• [Available data]:
>>>
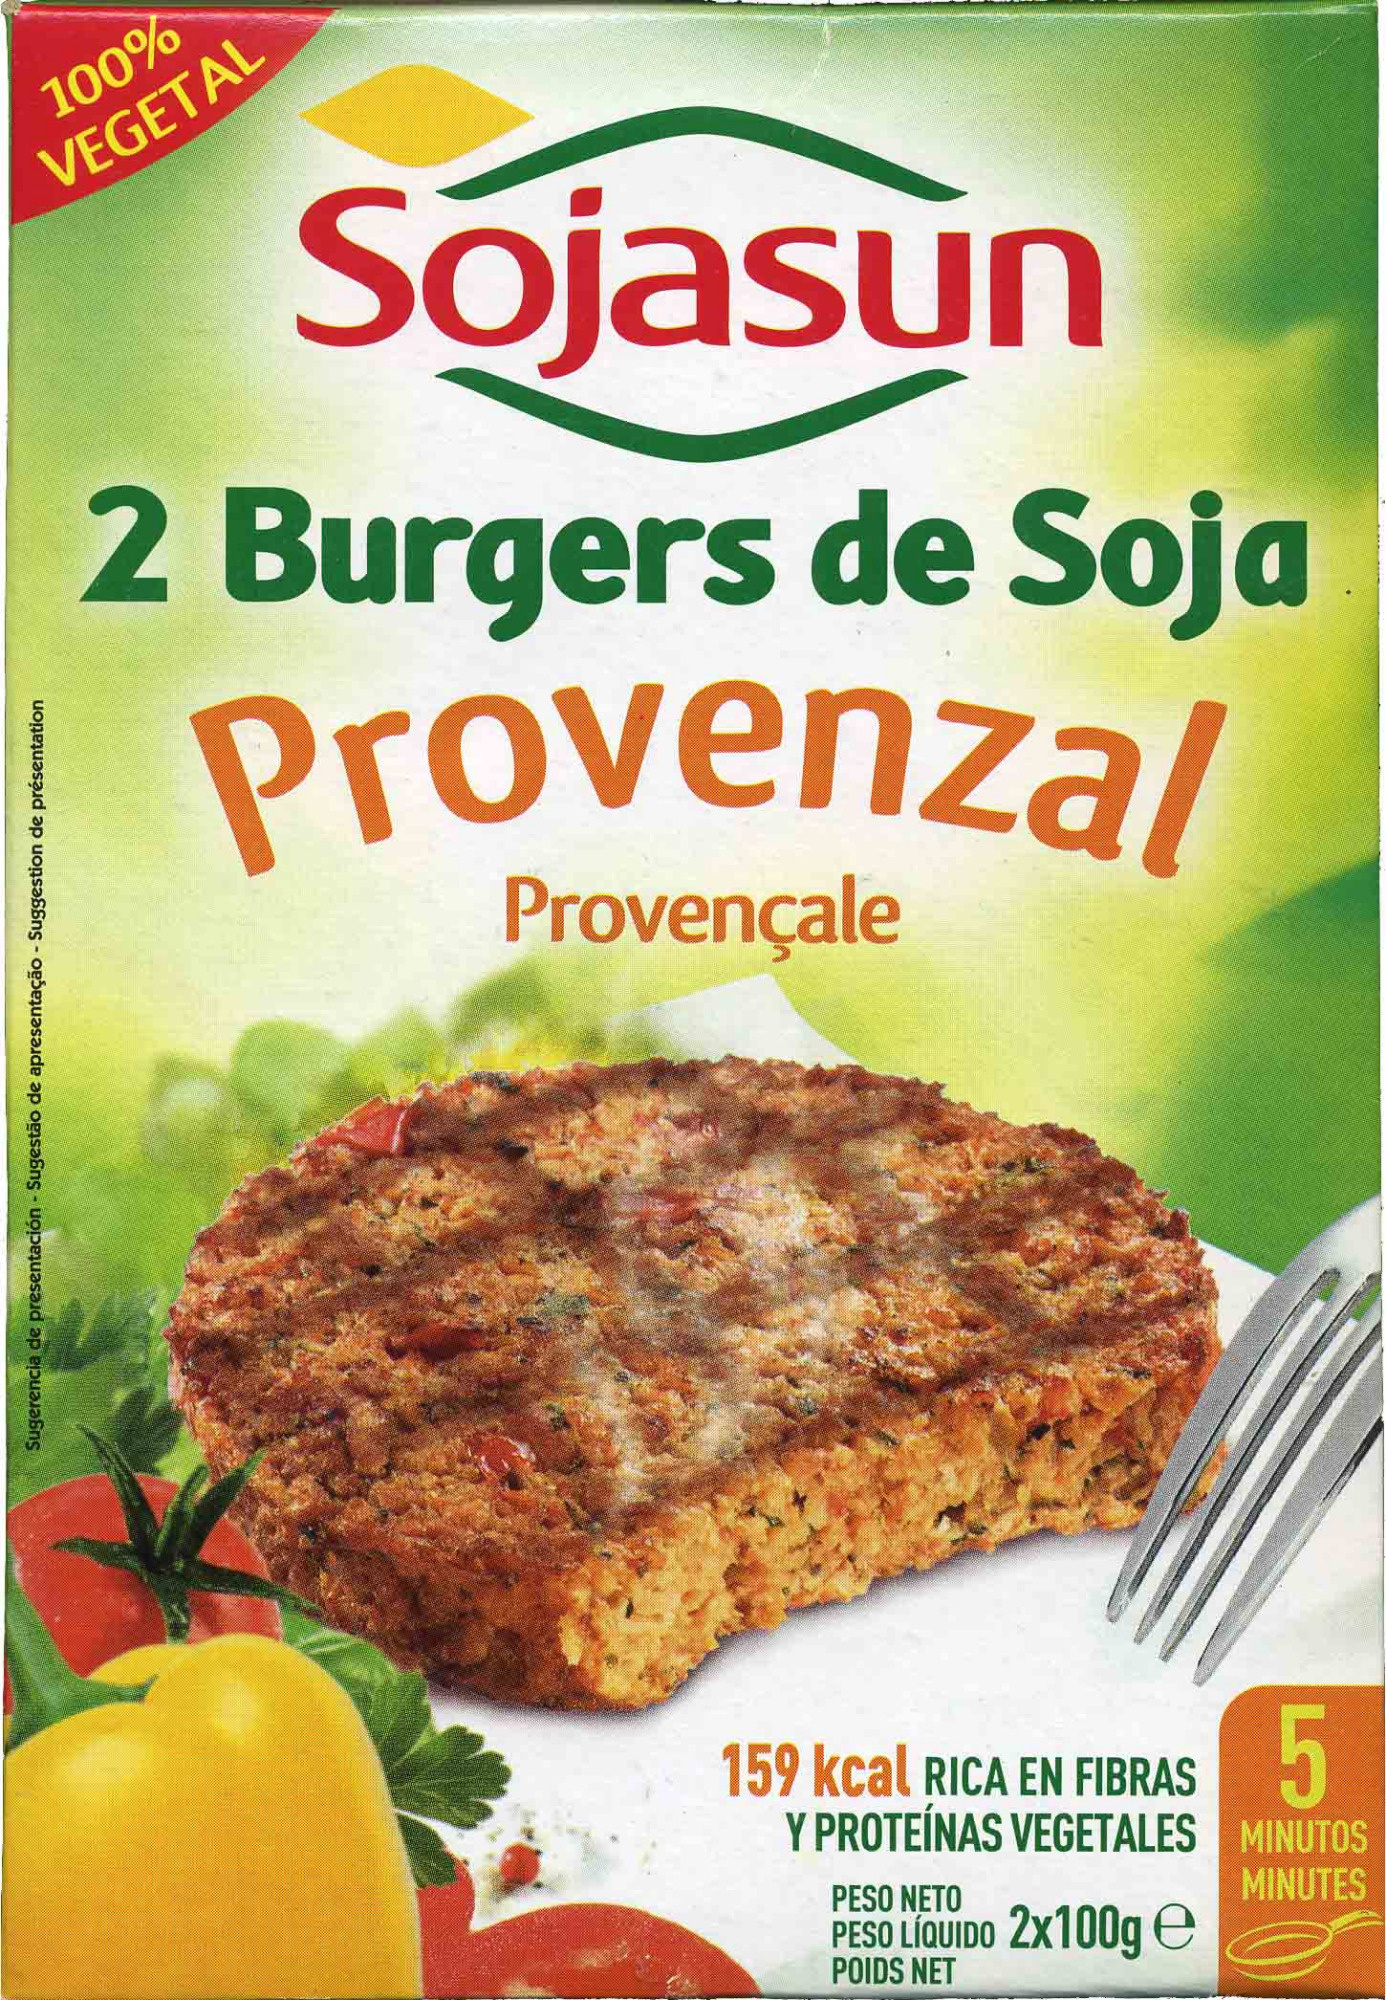 2 burgers de soja provenzal - Producte - es
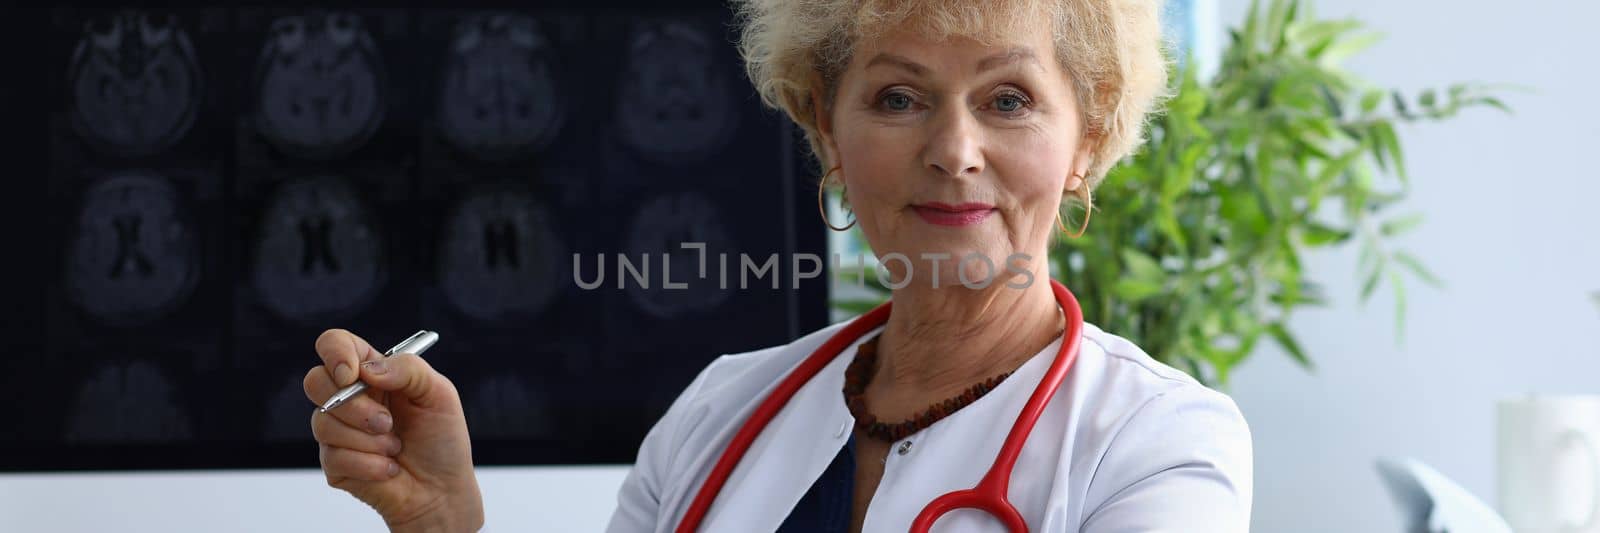 Portrait of elderly woman doctor in field of medicine by kuprevich
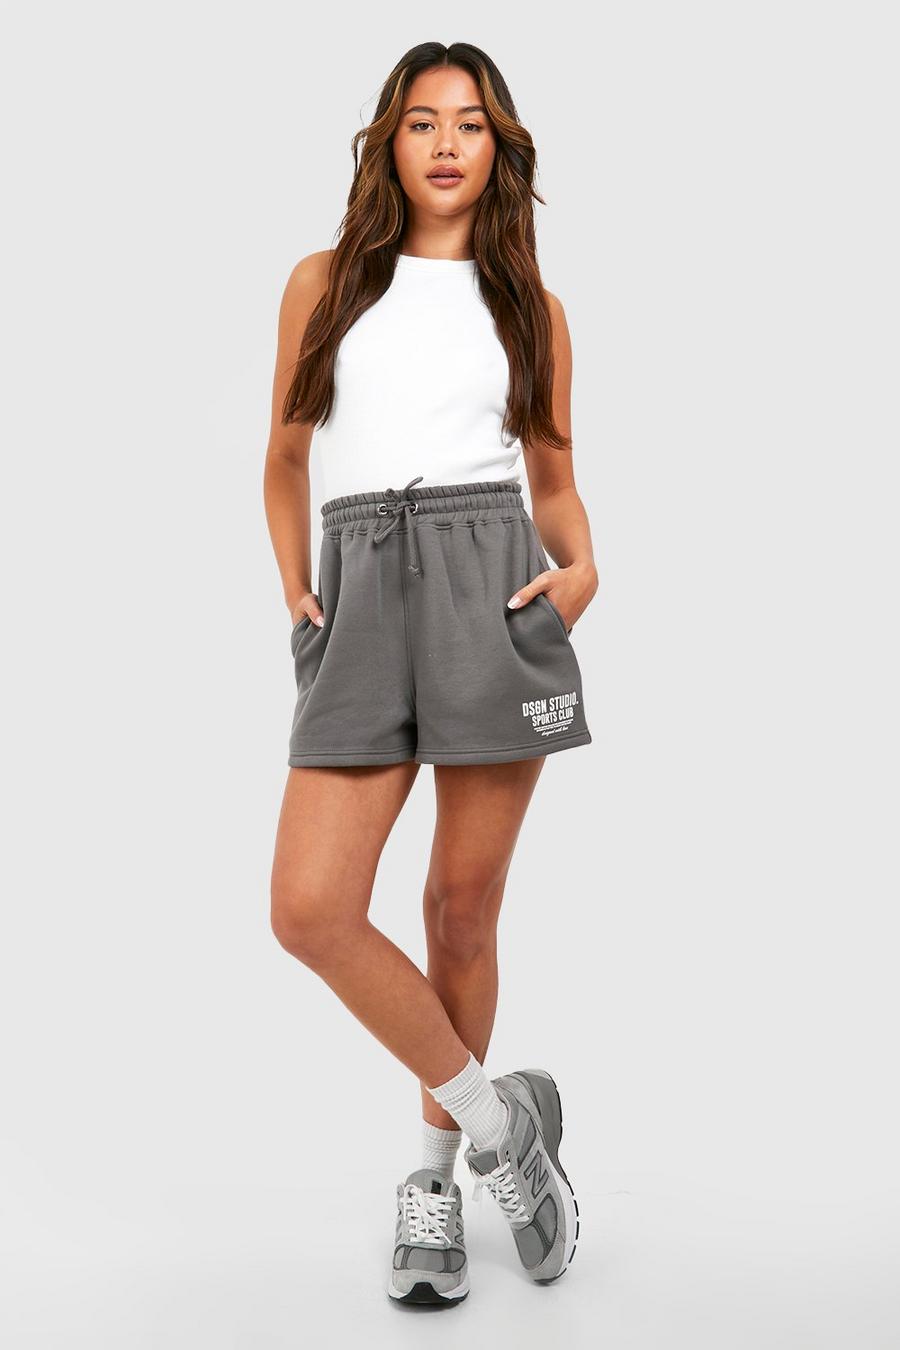 Sweat-Shorts mit Dsgn Studio Sports Clubs Slogan, Charcoal
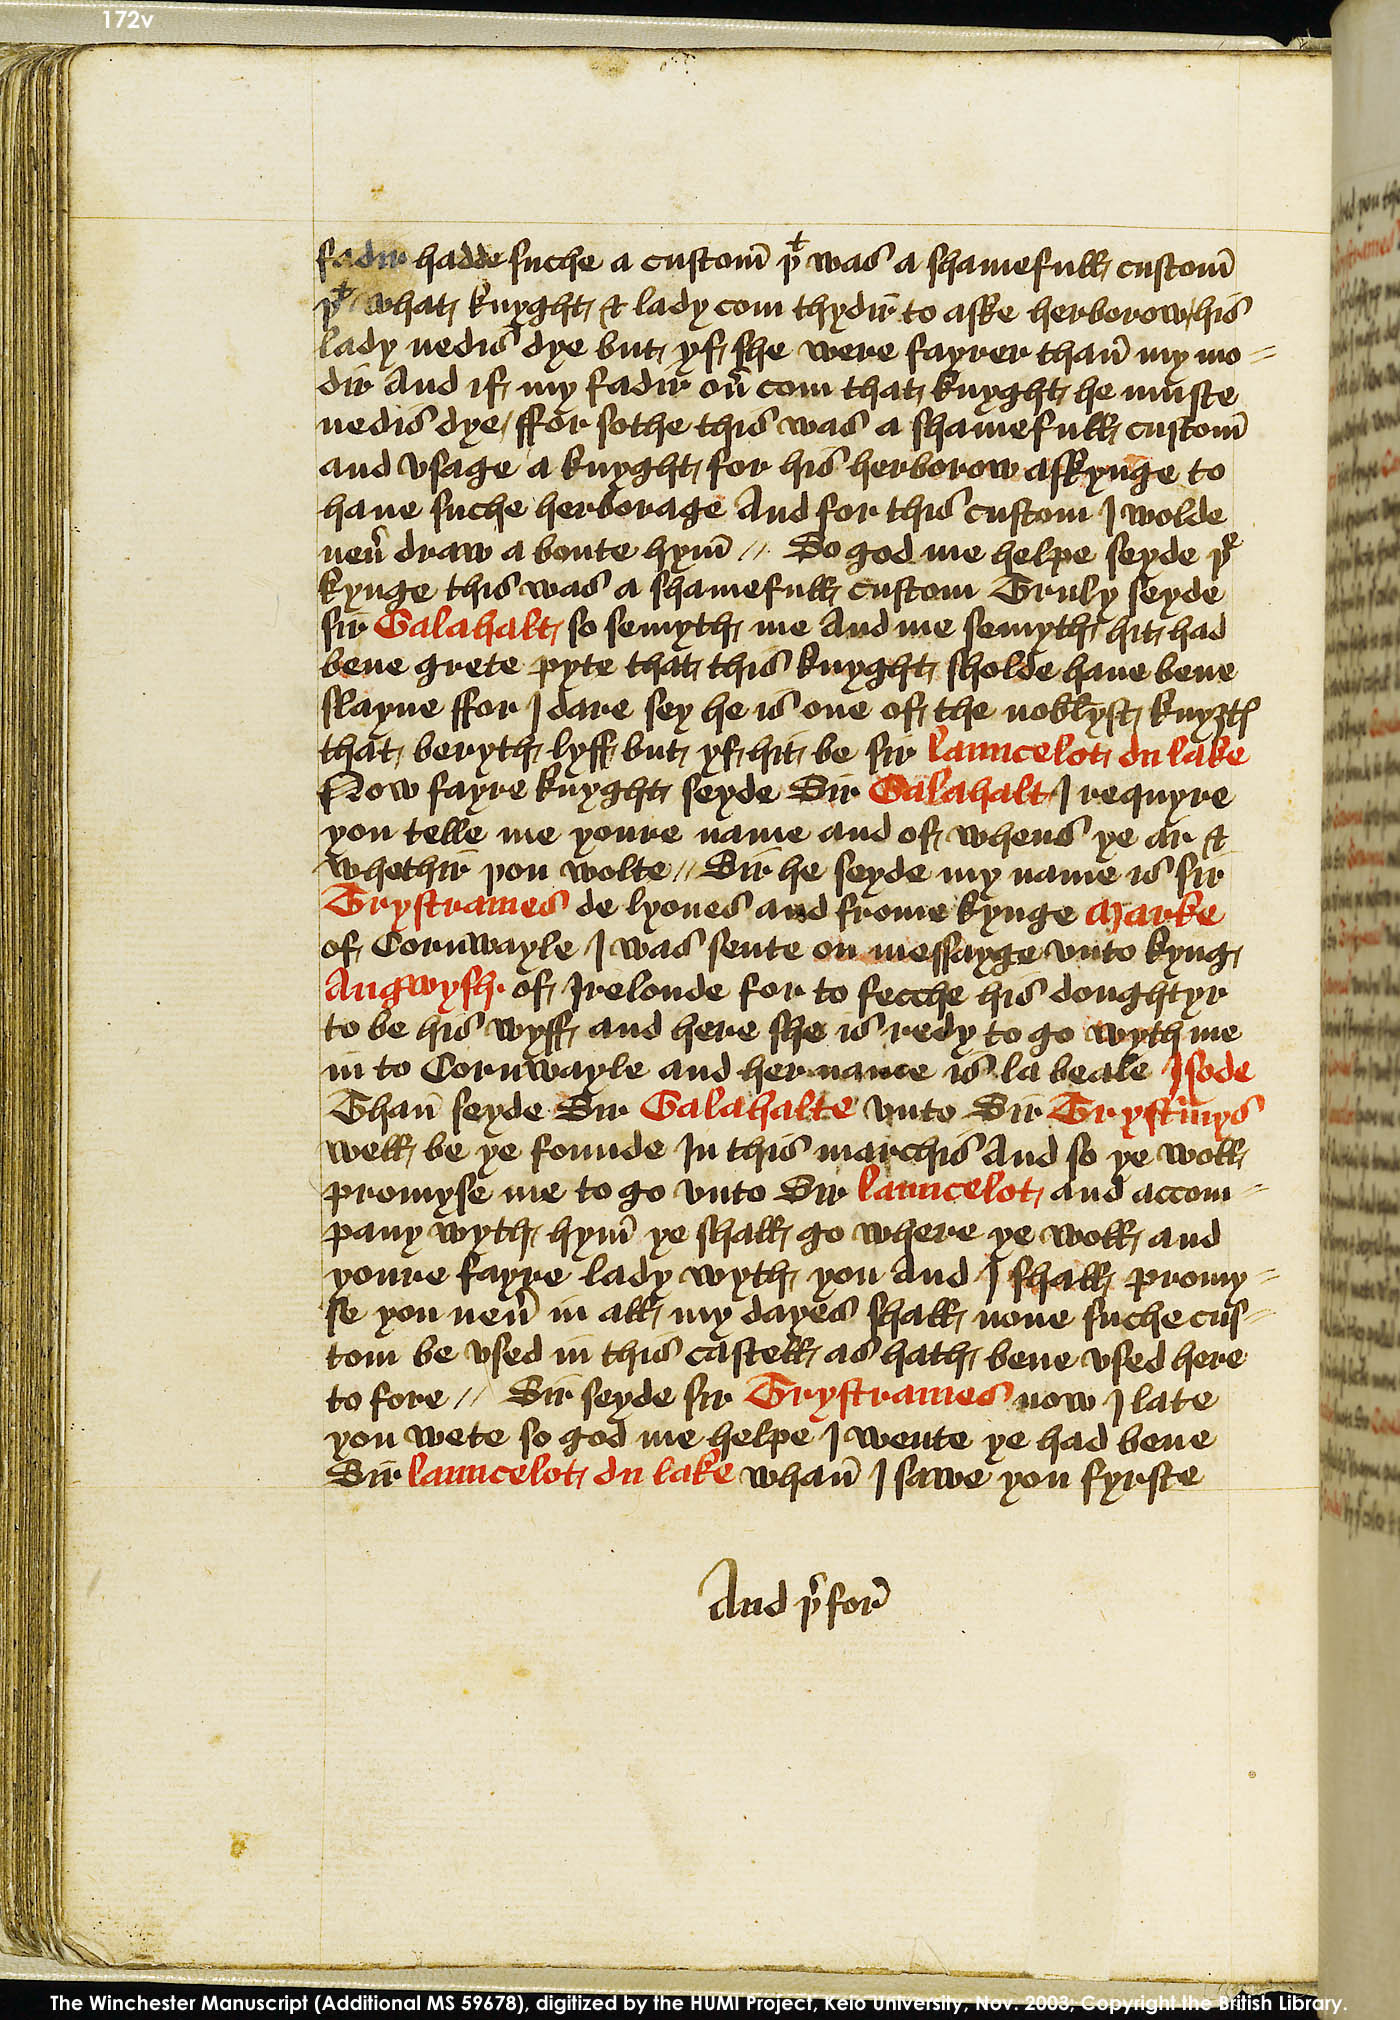 Folio 172v
<<<
• [Brief]: Apart from the images, every line above needs to be printed again exactly.

• [Output of the task]:
 2 burgers de soja provenzal - Producte - es
 Portrait of elderly woman doctor in field of medicine by kuprevich
 Sweat-Shorts mit Dsgn Studio Sports Clubs Slogan, Charcoal
 Folio 172v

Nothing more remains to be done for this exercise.